Андрей Синявский, Виктор Некрасов, Александр Солженицын, Владимир Максимов, Юлий Даниэль, Наталья Горбаневская, Вадим Делоне, Александр Галич, Анатолий Кузнецов, Саша Соколов, Эдуард Лимонов, Лев Копелев, Наум Коржавин, Юз Алешковский, Георгий Владимов, Владимир Войнович, Борис Хазанов, Александр Зиновьев, Юрий Мамлеев, Василий Аксенов, Сергей Довлатов, Анатолий Гладилин… Перед нами далеко не полный список бывших советских писателей, поэтов и журналистов, покинувших СССР в 70-х годах и сформировавших в англоязычной среде абсолютно уникальное русское литературное сообщество со своими журналами, издательствами и, самое главное, со своим читателем.
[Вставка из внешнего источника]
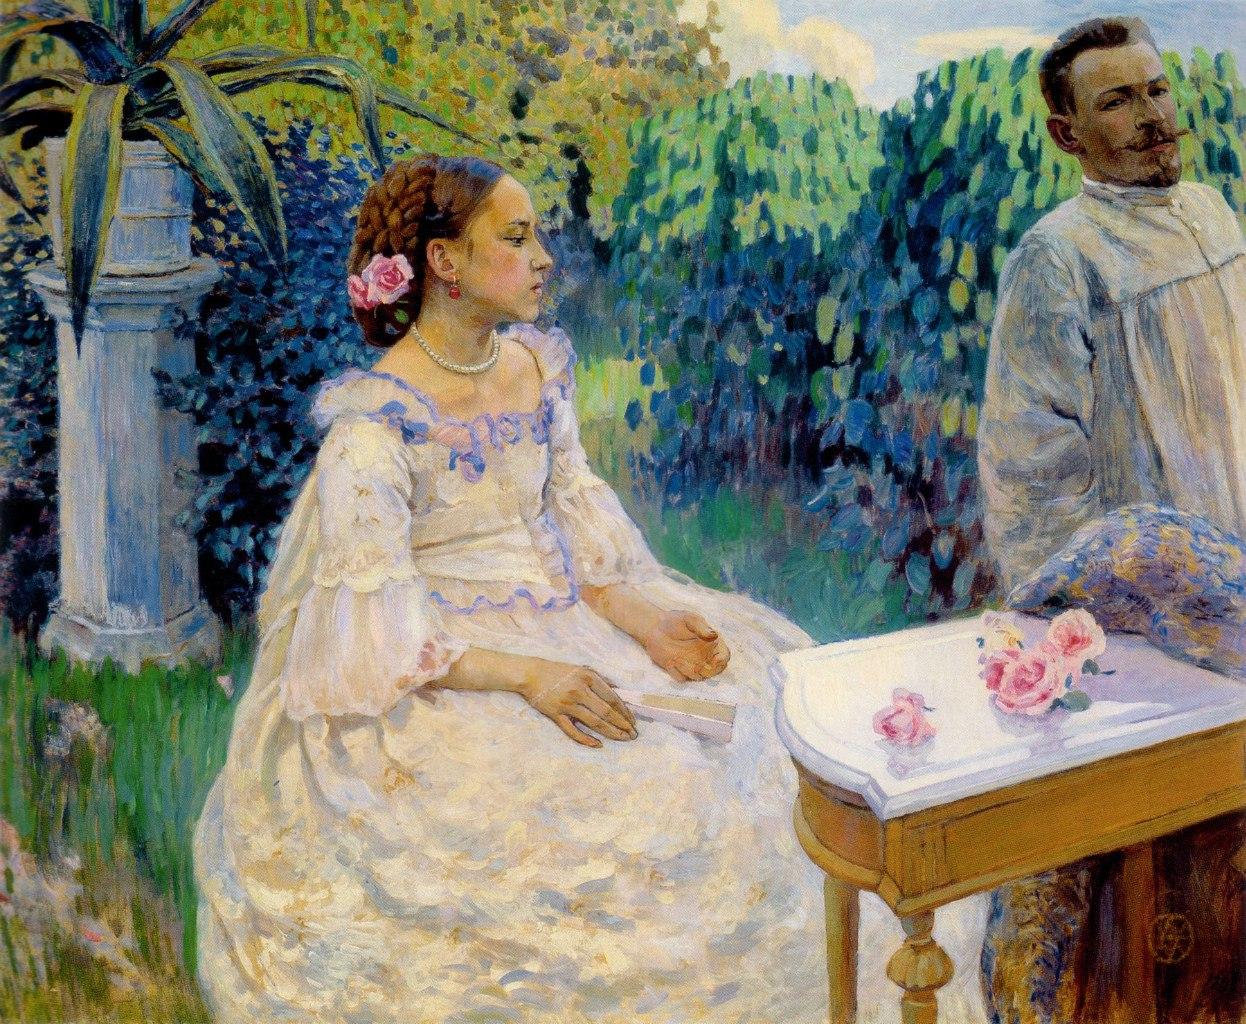 Виктор Борисов-Мусатов 1870 – 1905 Автопортрет с сестрой, 1898 Государственный Русский музей, Санкт-Петербург

Разумеется, советская пропаганда представляла каждого из них предателем и отщепенцем, что погнался за «длинным рублем» (долларом) и покинул свою Родину в поисках выгоды и сомнительной славы.

Однако невозможно было не согласиться с тем, что порой тексты, публиковавшиеся в «Посеве» и «Континенте», в «Ардисе» и в «Имка-Пресс» не уступали, а порой и превосходили по качеству, глубине и оригинальности тексты, выходившие в «Новом мире» и «Октябре», в «Советском писателе» и «Молодой гвардии». И наоборот, публикации в «Дружбе народов» и «Даугаве», «Сибирских огнях» и «Знамени» обращали на себя внимание далеко за пределами Союза.

Писатели-эмигранты и писатели страны-метрополии (СССР в данном случае) составляли собой единую языковую ойкумену, вольно или невольно ставившую русскую литературу выше идеологических и политических барьеров.

Так, например, Виктор Некрасов и Ченгиз Айтматов, Борис Хазанов и Анатолий Ким, Саша Соколов и Валентин Распутин, Василий Аксенов и Виктор Астафьев были частью одного литературного процесса, для которого не существовало виз и буферных зон, и не замечать это, а уж тем более воевать с этим было глупо и бессмысленно.



Однако вернемся в май 1972 года.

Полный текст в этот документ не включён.